Silverstoneia minima
- Conservation status: Data Deficient (IUCN 3.1)

Scientific classification
- Kingdom: Animalia
- Phylum: Chordata
- Class: Amphibia
- Order: Anura
- Family: Dendrobatidae
- Genus: Silverstoneia
- Species: S. minima
- Binomial name: Silverstoneia minima Grant and Myers, 2013

= Silverstoneia minima =

- Authority: Grant and Myers, 2013
- Conservation status: DD

Species of frog

Silverstoneia minima is a species of frog in the family Dendrobatidae. It is endemic to Colombia, having been found in Chocó and in Serranía del Baudó and the area surrounding Alto del Buey. These places are only accessible to humans by air and sea.

==Habitat==
This frog has been found in forested ridges near rocky streams. However, assessors have heard it calling in the middles of forests, far from water. This frog has been observed between 300 and 1070 meters above sea level.

==Etymology==
Scientists named this frog minima, the Latin term for "very small." This is the second smallest frog in Silverstoneia, after Silverstoneia minutissima ("extremely small").

==Reproduction==
Scientists infer that the female frog lays eggs in leaf litter and that, after the eggs hatch, the adult frogs carry the tadpoles to water, like its congeners, but neither event has yet been reported as observed.

==Threats==
The IUCN classifies this frog as data deficient, in part because its habitat is so remote and difficult to reach and in part because, in recent years, there has been armed conflict between guerrillas and the government of Colombia.
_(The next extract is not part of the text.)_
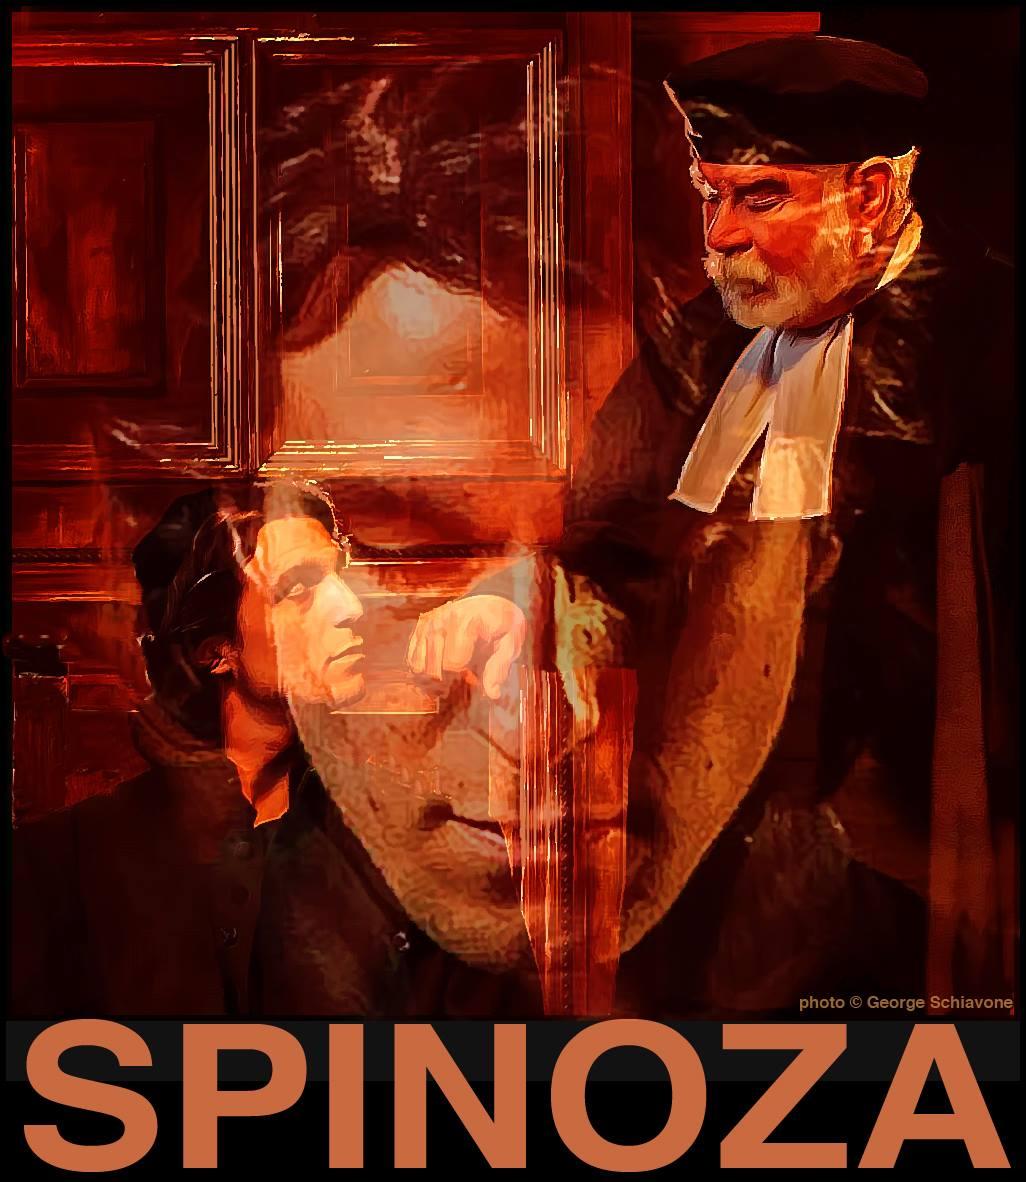 Baruch Spinoza in NEW JERUSALEM GableStage

What threats it faces are inferred to involve deforestation associated with subsistence logging, and possibly capture for the international pet trade, as with other visually striking frogs from Chocó.

This frog lives near one protected park, Parque Nacional Utría but has yet to be confirmed within it.

==Original description==
- Grant T (2013). "Review of the frog genus Silverstoneia, with descriptions of five new species from the Colombian Choco (Dendrobatidae: Colosteninae)."